In the Footsteps of Harvey Milk

Perhaps one of the most moving and inspirational films I have seen over the last couple of years is “Milk”. The story of community activist turned City Supervisor Harvey Milk who was assassinated in San Francisco in 1978 . Milk was by all accounts a strong and effective community organizer within San Francisco's lesbian,gay, bisexual and transgendered community at a time when much prejudice and discrimination existed across the United States. The Castro district became a safe haven for many including Harvey Milk who effectively mobilised members of his own community and formed alliances with other communities to fight for equality in the city. 




Today this legacy lives on in San Francisco with an estimated LGBT population of around 150,000. Unfortunately the city still attracts a large number of young people on a daily basis who have been thrown out of parental homes or face threats of violence from others in their home communities.  I interviewed Mila Pavlin Community Programs Manager at the San Francisco Center today who gave me a thorough overview of the LGBT community in San Francisco and organizing movements across the city.  The center provides a range of health, employment and advice and guidance services, which are funded by City Hall and are closely monitored, however the Center provides some clear and tangible cost benefit analysis in their work much akin to Social Return on Investment methodologies we have been piloting for some time in Great Yarmouth.

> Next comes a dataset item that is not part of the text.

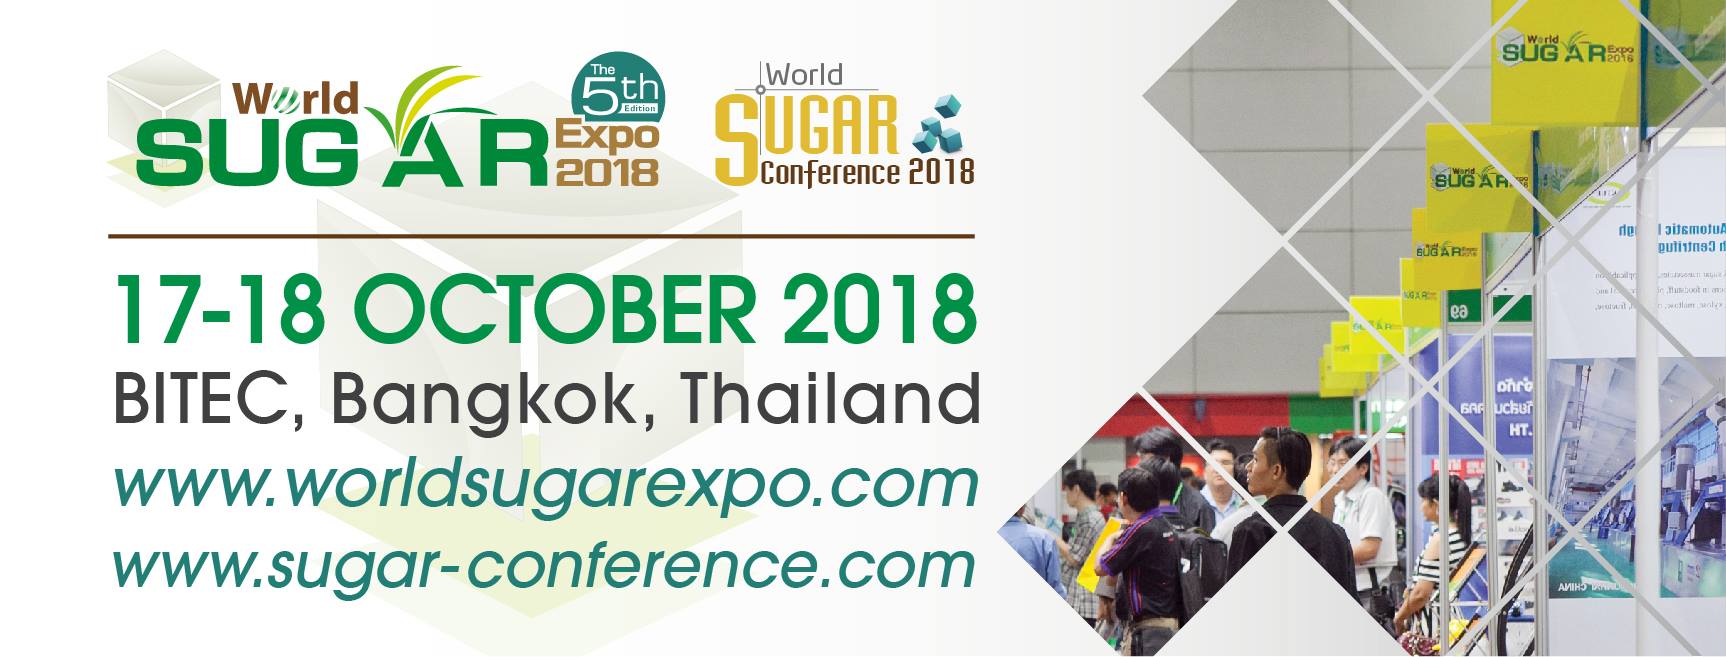 World Sugar Expo & Conference 2018 : 17-19 October 2018

The center provides meeting space for a range of community organizing and policy initiatives, which include campaigns around marriage equality (same-sex marriage is no longer permitted in California), employment rights and most recently the repealing of the “Don’t ask, Don’t tell” policy around sexuality in the US military. I will be observing a number of  meetings over the coming weeks to get a feel for this model of direct community action. It is fortunate that this month is also Pride month so there will be a range of activities and events going on throughout the city.



San Francisco is a real hive of community activity and I will be spending time over the next few weeks with churches, the jewish community, an organizing group within the large Latino community and some neighbourhood associations and housing committees. I also have a meeting scheduled with one of the City Supervisors and the City Hall Community Development Division aswell as a meeting with one of the leading founders of the community organizing movement in San Francisco in the 70s. All in all quite a busy schedule. It's also a really, really great city to explore!